The only thing left to do, in the case of Tucker Carlson v. Momentarily Slightly Poorer Murdoch Family, is to reshoot the ending.

The people who hate Tucker Carlson shouted with glee at the news of his firing. “See that?” they sneered. “That’s karma!” But so did millions of Carlson’s enraged fans when they saw Fox News prime-time ratings decline in response. Tucker Carlson is an immensely talented broadcaster who will (probably) go on to big things. Fox News is now slightly more liberated from the Krazy Kloud it’s been under since 2016.

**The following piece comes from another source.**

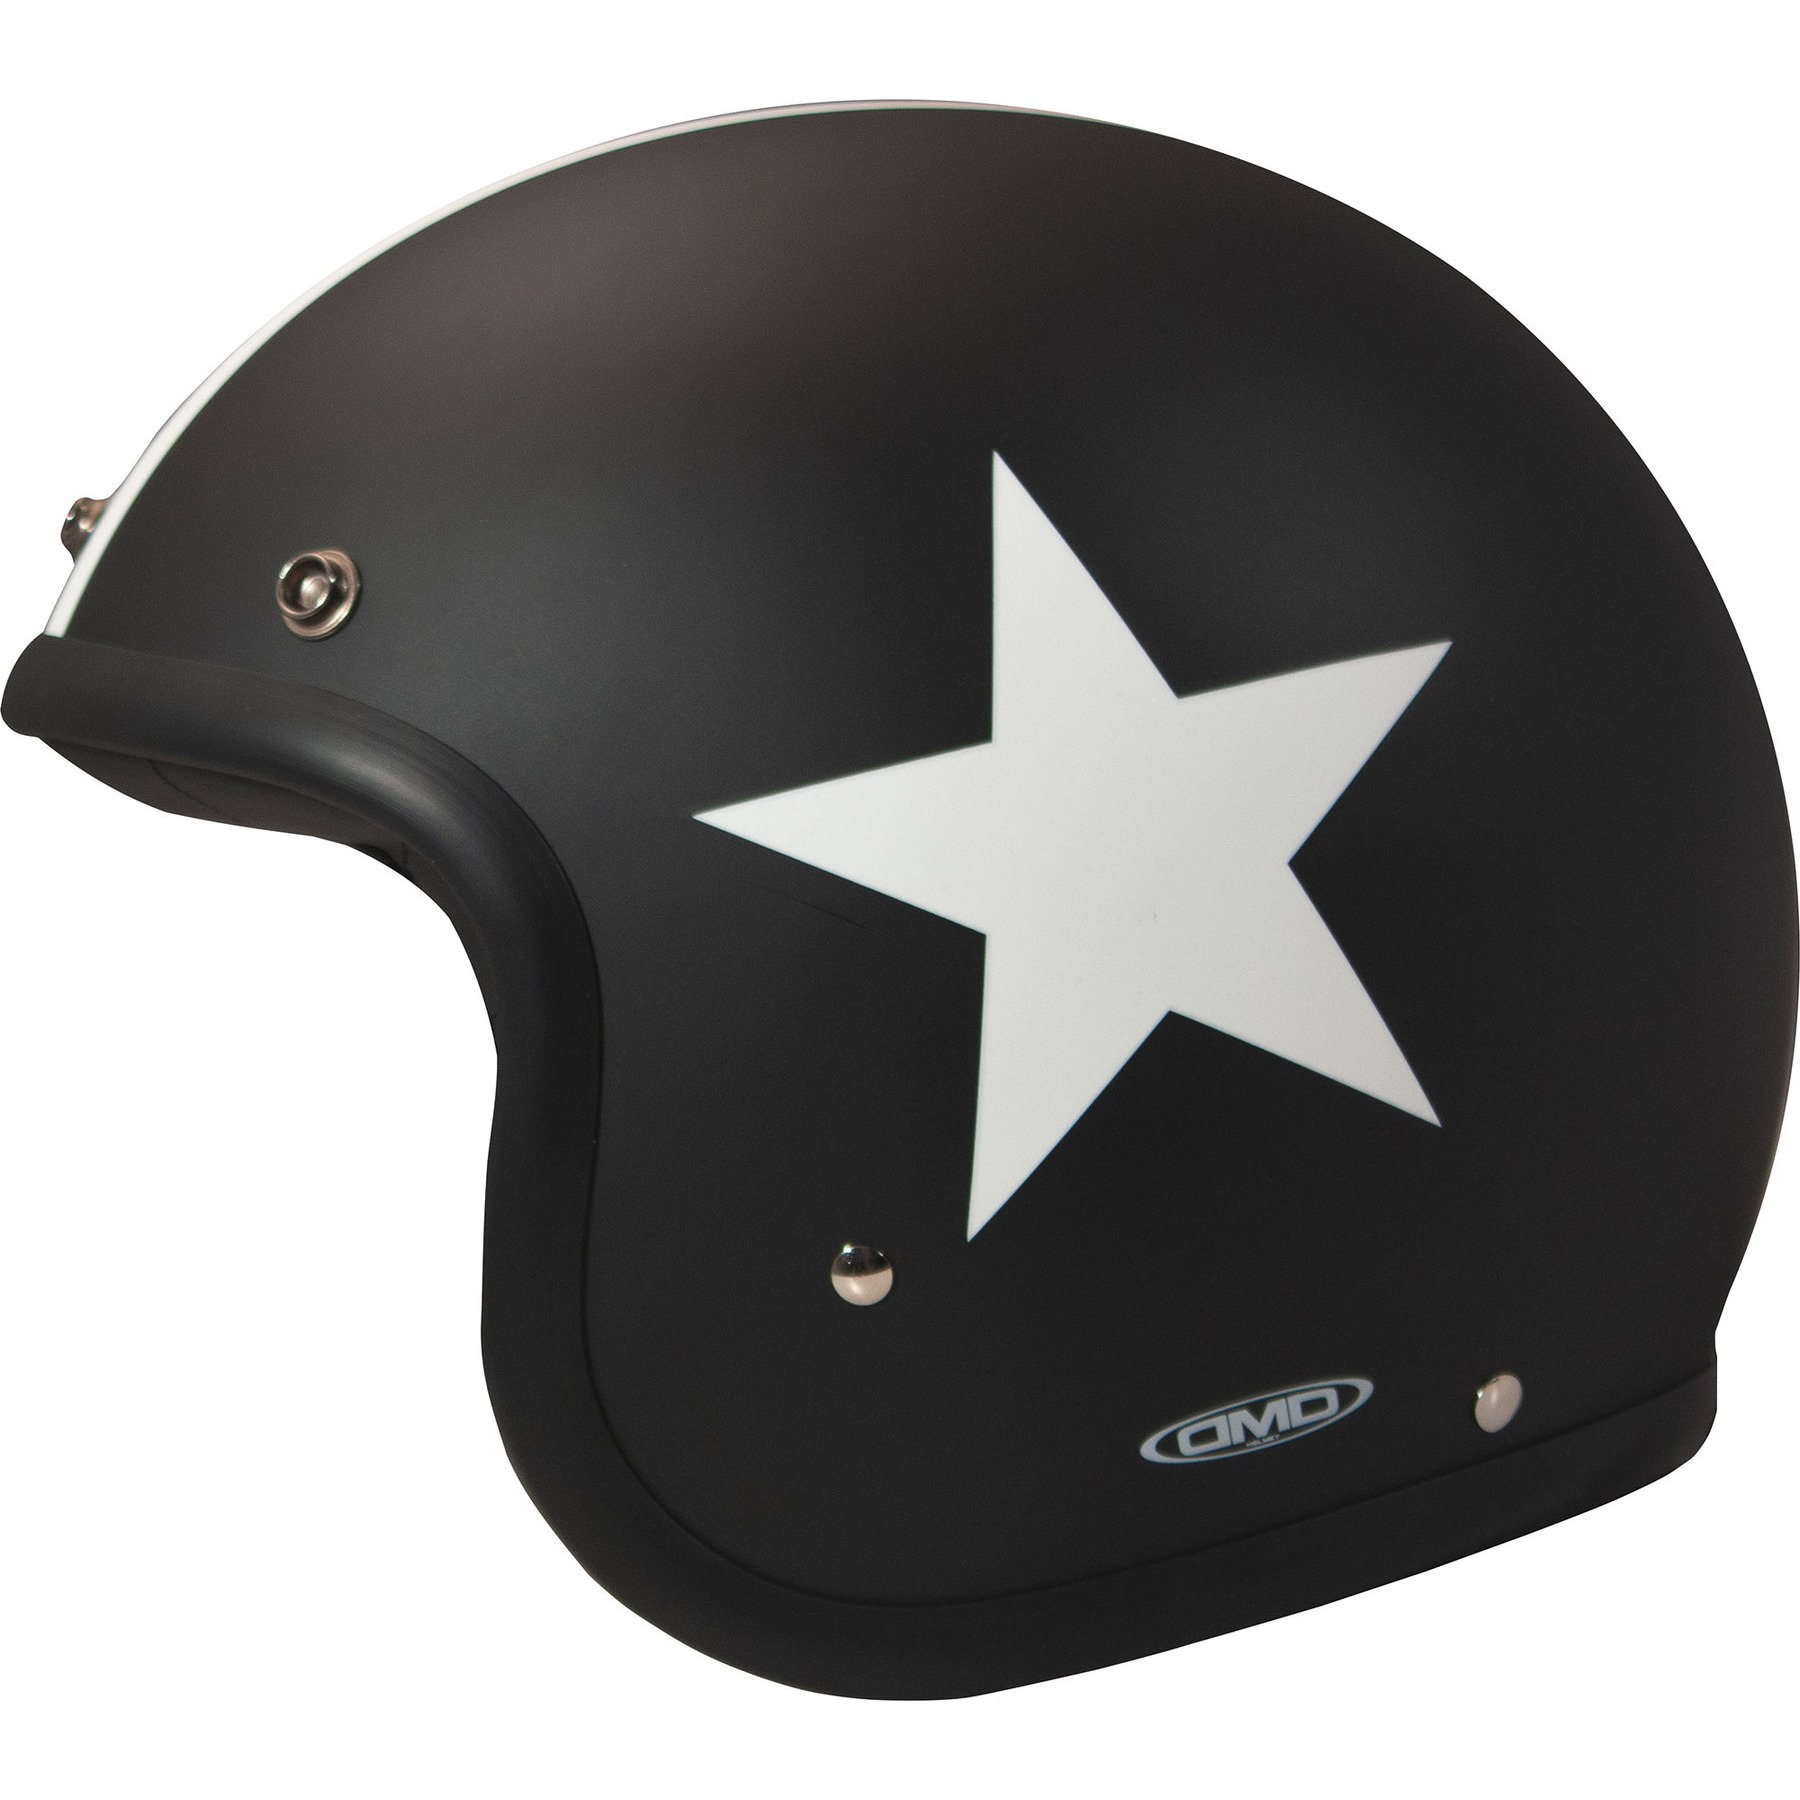 Motorrad Jet Helm DMD Vintage Mattschwarz Uni Gr XS
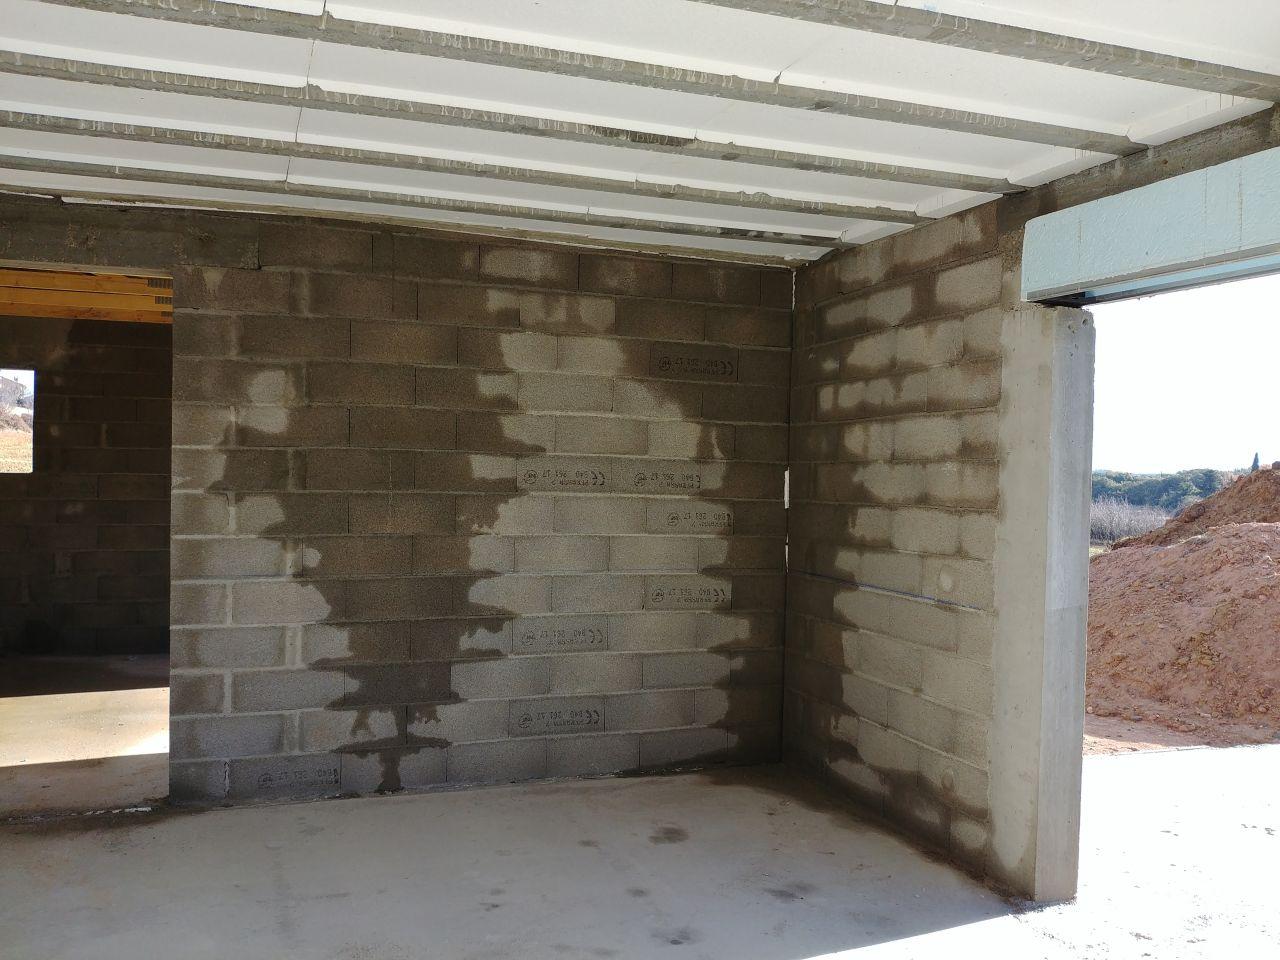 Infiltrations dans les murs, l'enduit n'étant pas encore réalisé

In other words, we don’t know yet who is ultimately going to be the Michael Douglas in the reshot ending, or the Anne Archer, or the Glenn Close in the bathtub. We’re going to have to wait patiently for the next few years, as the test screenings emerge. We’re going to have to do what Ron Meyer did and wait for the Hollywood equivalent of karma to reveal its hand. That’s how show business works. And, increasingly, it’s how the American elite lives.